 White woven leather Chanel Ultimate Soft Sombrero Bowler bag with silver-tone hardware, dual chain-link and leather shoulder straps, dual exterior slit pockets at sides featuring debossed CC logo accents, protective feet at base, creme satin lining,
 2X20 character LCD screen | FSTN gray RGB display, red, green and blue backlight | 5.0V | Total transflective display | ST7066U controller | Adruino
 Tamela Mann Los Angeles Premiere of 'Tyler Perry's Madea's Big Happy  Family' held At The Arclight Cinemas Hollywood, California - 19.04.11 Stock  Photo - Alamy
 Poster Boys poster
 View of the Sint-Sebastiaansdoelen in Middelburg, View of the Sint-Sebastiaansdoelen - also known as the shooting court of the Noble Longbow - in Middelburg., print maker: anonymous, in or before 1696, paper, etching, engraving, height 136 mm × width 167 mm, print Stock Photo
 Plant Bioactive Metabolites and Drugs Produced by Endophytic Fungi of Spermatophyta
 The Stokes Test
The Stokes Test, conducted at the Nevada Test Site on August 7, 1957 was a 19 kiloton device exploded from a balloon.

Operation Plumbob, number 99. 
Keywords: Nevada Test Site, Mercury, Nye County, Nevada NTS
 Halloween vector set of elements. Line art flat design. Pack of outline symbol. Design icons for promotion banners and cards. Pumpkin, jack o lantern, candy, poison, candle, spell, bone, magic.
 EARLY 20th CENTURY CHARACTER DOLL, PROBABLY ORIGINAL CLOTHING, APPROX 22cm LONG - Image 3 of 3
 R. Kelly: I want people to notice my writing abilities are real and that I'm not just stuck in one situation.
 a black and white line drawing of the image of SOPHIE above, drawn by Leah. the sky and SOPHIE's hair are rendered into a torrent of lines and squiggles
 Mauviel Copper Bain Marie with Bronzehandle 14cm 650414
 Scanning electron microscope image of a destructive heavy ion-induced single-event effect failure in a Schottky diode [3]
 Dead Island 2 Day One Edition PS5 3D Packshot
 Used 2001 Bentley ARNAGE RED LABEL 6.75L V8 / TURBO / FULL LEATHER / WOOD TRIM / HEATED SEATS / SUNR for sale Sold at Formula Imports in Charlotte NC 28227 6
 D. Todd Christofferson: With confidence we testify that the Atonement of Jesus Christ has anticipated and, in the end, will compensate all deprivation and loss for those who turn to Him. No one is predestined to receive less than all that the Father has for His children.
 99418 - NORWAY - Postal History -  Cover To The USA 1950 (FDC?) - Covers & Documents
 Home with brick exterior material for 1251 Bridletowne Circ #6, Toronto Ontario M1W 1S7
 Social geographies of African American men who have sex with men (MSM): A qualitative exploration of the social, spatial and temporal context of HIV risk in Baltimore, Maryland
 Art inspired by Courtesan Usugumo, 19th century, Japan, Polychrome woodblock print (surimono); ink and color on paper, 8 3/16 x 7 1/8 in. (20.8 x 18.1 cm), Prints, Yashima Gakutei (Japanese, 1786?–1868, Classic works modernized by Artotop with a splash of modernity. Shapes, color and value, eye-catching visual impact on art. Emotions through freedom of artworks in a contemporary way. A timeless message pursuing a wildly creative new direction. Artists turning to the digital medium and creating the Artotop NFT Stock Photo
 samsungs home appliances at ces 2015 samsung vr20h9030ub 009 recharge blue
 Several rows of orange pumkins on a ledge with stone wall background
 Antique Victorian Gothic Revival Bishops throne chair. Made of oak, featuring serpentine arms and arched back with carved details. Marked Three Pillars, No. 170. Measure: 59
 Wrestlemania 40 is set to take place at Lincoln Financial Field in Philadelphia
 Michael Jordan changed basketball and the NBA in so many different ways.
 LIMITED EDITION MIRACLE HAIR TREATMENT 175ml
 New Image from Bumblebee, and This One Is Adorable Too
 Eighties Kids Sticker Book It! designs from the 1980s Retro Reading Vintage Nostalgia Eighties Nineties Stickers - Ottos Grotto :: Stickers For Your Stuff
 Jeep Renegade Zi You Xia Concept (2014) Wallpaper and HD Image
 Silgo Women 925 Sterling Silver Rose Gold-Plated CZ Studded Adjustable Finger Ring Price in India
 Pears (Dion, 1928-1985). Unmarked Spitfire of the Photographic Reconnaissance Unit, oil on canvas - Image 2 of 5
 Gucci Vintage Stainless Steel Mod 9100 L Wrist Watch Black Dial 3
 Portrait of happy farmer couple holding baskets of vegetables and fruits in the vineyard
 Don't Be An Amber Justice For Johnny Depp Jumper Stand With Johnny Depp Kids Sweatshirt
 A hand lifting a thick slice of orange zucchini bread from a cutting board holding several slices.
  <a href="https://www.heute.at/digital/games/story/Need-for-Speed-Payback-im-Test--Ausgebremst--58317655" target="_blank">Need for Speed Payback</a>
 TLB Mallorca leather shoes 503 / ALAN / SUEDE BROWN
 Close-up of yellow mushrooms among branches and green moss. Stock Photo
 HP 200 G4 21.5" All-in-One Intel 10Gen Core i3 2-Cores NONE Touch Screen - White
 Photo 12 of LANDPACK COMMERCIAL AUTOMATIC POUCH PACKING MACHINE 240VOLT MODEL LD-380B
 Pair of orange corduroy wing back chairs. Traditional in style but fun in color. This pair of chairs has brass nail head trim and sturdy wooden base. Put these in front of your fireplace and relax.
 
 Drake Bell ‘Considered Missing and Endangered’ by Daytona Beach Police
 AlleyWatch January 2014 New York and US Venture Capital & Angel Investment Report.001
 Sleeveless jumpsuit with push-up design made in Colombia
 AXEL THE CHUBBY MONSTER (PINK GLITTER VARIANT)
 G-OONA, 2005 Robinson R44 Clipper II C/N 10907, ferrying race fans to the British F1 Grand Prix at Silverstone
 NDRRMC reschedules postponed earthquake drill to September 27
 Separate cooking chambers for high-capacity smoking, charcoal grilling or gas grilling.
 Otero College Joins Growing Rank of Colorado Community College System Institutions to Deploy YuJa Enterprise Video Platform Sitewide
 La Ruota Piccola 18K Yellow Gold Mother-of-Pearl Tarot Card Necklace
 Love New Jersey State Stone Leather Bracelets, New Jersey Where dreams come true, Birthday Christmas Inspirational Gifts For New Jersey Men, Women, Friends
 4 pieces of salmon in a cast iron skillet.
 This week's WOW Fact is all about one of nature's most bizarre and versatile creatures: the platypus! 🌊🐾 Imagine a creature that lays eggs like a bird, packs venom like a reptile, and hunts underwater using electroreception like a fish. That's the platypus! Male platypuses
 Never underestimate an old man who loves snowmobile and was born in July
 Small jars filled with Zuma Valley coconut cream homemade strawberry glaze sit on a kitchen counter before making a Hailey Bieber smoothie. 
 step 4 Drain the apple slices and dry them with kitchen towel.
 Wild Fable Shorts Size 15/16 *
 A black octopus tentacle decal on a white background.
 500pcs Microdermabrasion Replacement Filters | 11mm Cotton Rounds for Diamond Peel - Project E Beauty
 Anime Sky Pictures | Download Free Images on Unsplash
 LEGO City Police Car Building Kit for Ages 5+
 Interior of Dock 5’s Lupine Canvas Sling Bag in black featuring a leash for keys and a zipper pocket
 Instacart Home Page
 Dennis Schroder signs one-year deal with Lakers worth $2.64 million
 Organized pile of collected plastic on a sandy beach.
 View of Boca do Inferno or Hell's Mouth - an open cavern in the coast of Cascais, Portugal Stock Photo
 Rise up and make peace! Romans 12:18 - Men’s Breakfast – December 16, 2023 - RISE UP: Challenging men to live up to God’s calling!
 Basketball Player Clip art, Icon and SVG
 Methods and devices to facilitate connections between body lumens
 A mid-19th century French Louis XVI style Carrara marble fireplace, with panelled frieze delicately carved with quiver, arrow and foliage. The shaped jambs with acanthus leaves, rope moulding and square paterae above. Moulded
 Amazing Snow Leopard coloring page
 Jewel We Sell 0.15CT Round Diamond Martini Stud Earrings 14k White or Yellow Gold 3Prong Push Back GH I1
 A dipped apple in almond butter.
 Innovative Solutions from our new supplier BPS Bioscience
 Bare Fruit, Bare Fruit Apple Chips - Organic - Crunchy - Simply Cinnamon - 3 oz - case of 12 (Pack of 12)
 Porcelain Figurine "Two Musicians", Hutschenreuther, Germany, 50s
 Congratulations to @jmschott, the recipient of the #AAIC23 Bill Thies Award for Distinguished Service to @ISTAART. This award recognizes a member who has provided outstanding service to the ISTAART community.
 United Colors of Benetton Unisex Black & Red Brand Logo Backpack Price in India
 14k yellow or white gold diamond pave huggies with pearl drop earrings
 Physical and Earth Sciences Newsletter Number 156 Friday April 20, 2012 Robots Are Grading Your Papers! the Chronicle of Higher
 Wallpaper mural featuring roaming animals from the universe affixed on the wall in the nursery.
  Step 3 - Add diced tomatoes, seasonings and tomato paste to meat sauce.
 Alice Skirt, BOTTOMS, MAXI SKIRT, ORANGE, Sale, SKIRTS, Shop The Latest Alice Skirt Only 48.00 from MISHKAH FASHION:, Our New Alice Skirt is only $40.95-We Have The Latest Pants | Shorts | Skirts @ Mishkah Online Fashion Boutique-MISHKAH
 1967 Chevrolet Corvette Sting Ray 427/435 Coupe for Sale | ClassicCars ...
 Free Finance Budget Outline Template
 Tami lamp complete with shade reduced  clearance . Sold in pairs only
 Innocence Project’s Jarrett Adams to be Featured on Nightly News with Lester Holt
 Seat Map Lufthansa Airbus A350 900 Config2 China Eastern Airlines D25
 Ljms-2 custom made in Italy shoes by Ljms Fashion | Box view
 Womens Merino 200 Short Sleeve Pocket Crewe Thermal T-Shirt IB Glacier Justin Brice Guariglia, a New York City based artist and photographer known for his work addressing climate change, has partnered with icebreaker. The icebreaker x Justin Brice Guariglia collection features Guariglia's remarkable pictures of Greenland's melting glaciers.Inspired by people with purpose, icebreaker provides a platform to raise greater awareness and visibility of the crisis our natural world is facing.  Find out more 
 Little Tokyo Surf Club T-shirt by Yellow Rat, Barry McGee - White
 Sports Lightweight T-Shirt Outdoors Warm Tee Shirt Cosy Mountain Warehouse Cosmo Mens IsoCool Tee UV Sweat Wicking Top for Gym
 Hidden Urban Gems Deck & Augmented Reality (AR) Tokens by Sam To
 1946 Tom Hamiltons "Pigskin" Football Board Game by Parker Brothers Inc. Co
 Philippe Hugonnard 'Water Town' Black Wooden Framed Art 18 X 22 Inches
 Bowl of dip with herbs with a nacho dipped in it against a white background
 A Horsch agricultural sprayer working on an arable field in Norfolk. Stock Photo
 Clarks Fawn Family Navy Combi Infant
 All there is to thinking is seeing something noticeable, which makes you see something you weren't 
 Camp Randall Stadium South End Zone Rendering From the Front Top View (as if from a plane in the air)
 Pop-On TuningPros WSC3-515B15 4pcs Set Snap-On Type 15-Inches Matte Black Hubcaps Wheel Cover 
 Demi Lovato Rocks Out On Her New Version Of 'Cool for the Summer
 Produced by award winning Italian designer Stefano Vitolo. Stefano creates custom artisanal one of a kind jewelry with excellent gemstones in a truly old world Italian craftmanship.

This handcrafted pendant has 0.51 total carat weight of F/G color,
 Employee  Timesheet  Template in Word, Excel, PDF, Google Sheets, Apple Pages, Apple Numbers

━━━━━━━━━━

*What you will do:* A word-for-word copy of the lines above from the one with "Silgo Women 925" through the one with "Portrait of happy", inclusive, is the only output wanted.

*Result of this task:*
 Silgo Women 925 Sterling Silver Rose Gold-Plated CZ Studded Adjustable Finger Ring Price in India
 Pears (Dion, 1928-1985). Unmarked Spitfire of the Photographic Reconnaissance Unit, oil on canvas - Image 2 of 5
 Gucci Vintage Stainless Steel Mod 9100 L Wrist Watch Black Dial 3
 Portrait of happy farmer couple holding baskets of vegetables and fruits in the vineyard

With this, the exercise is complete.